**INSTRUCTIONS FOR THE TASK:** What you return must match the data below exactly, minus any pictures.

**MATERIAL PROVIDED:**
* * *

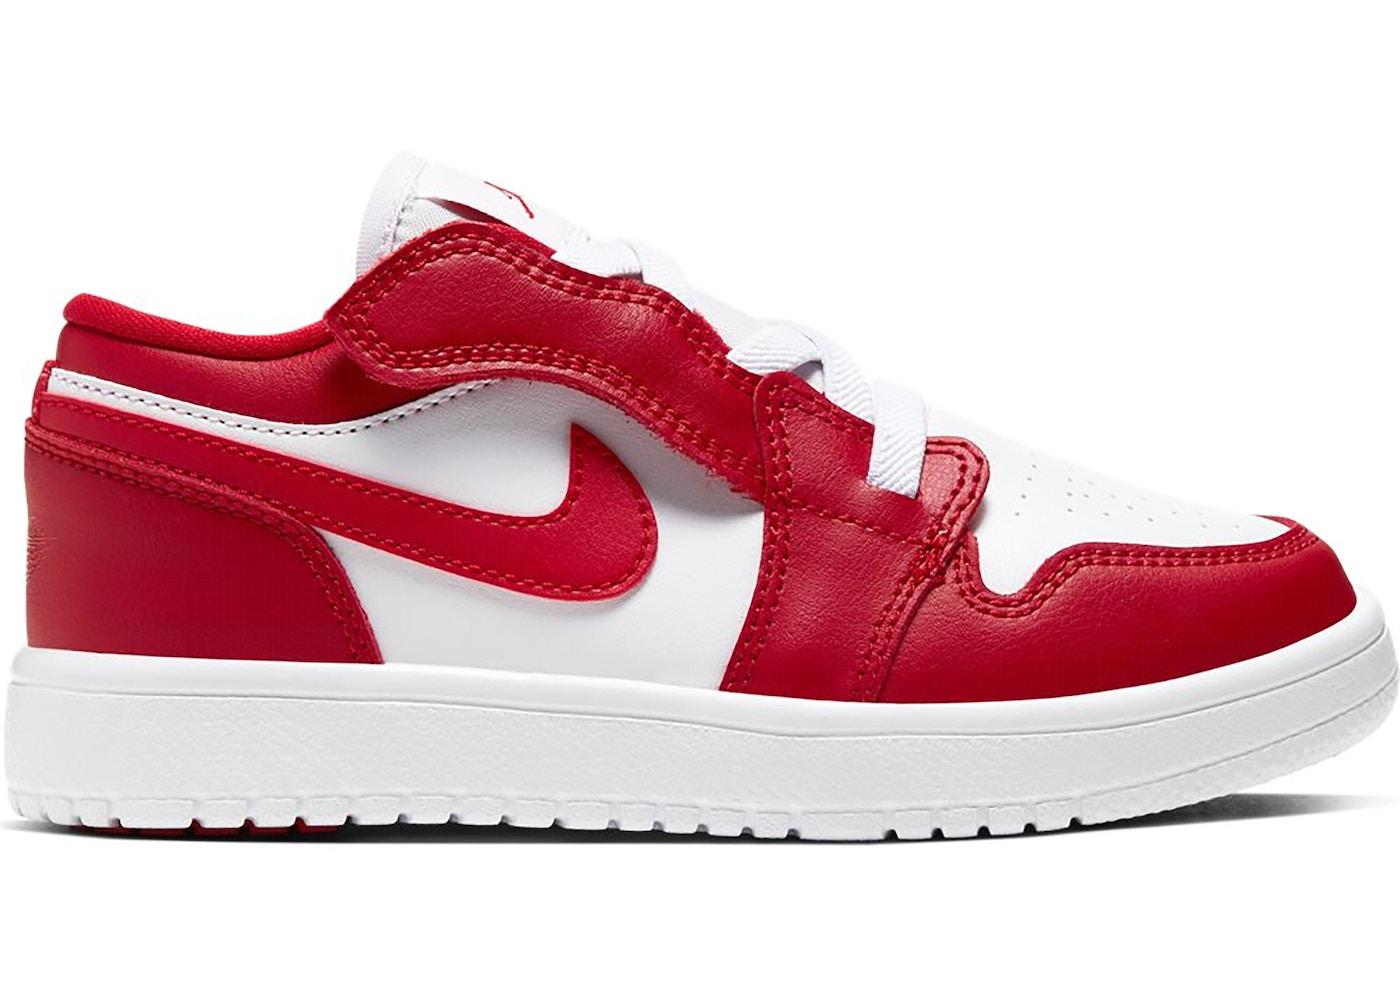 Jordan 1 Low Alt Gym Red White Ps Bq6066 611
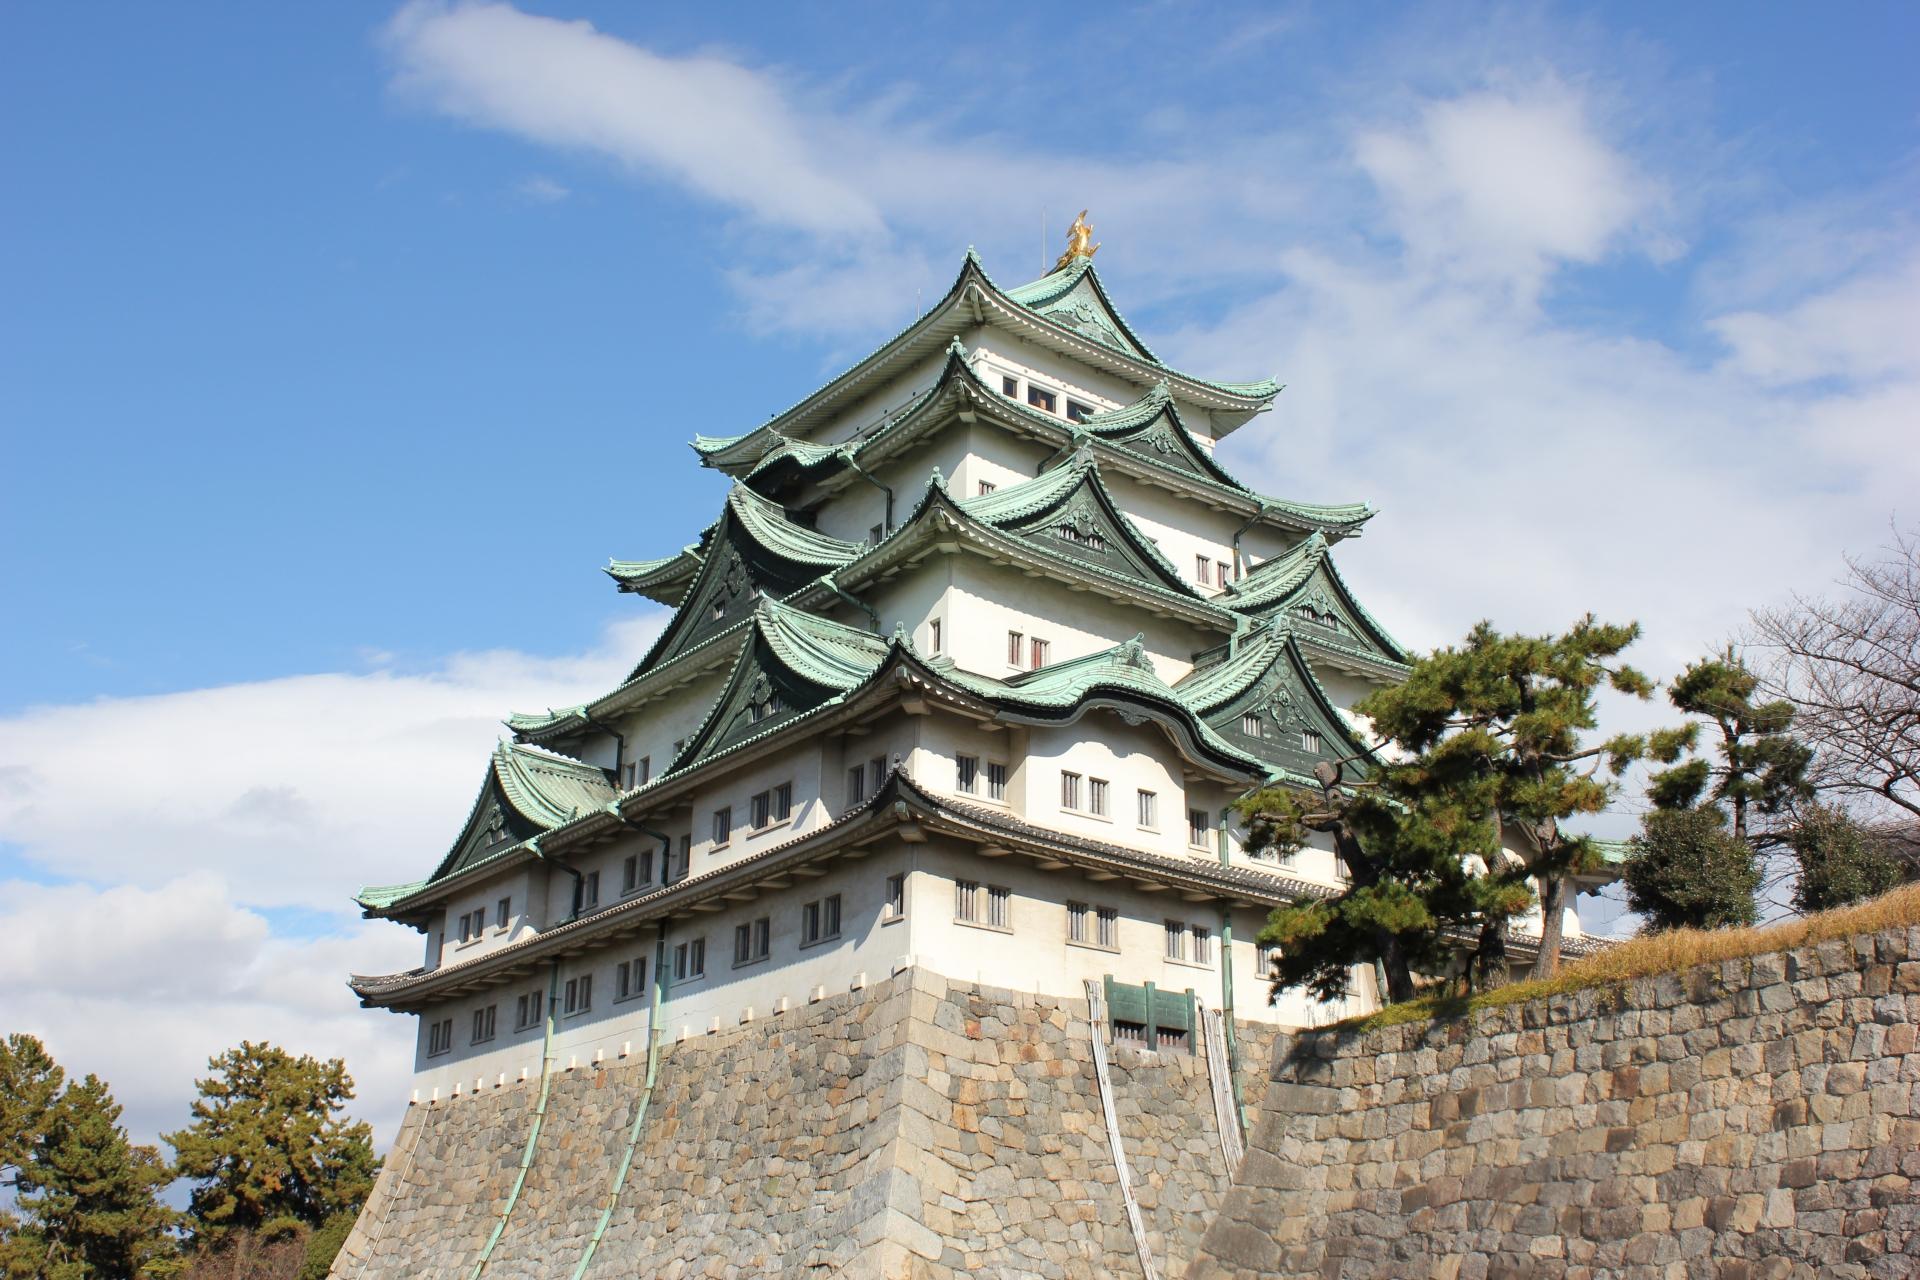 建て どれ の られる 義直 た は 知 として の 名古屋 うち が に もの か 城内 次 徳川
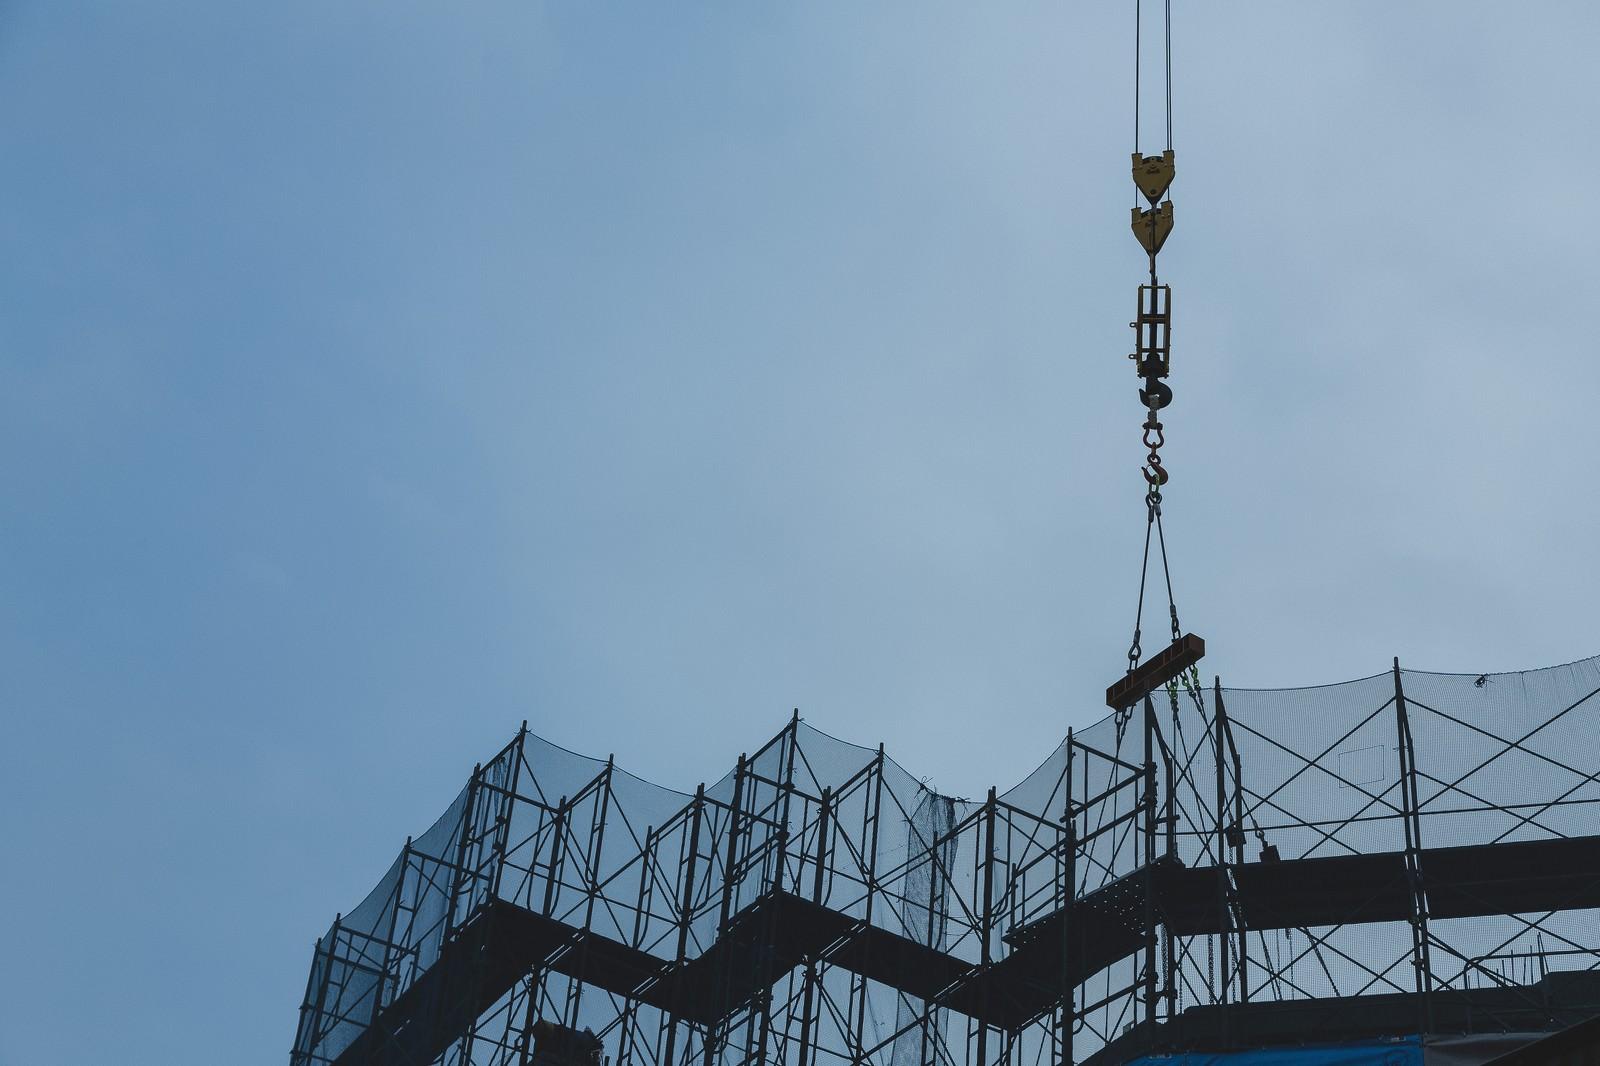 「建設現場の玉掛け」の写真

* * *

**EXERCISE OUTPUT:**
 Jordan 1 Low Alt Gym Red White Ps Bq6066 611
 建て どれ の られる 義直 た は 知 として の 名古屋 うち が に もの か 城内 次 徳川
 「建設現場の玉掛け」の写真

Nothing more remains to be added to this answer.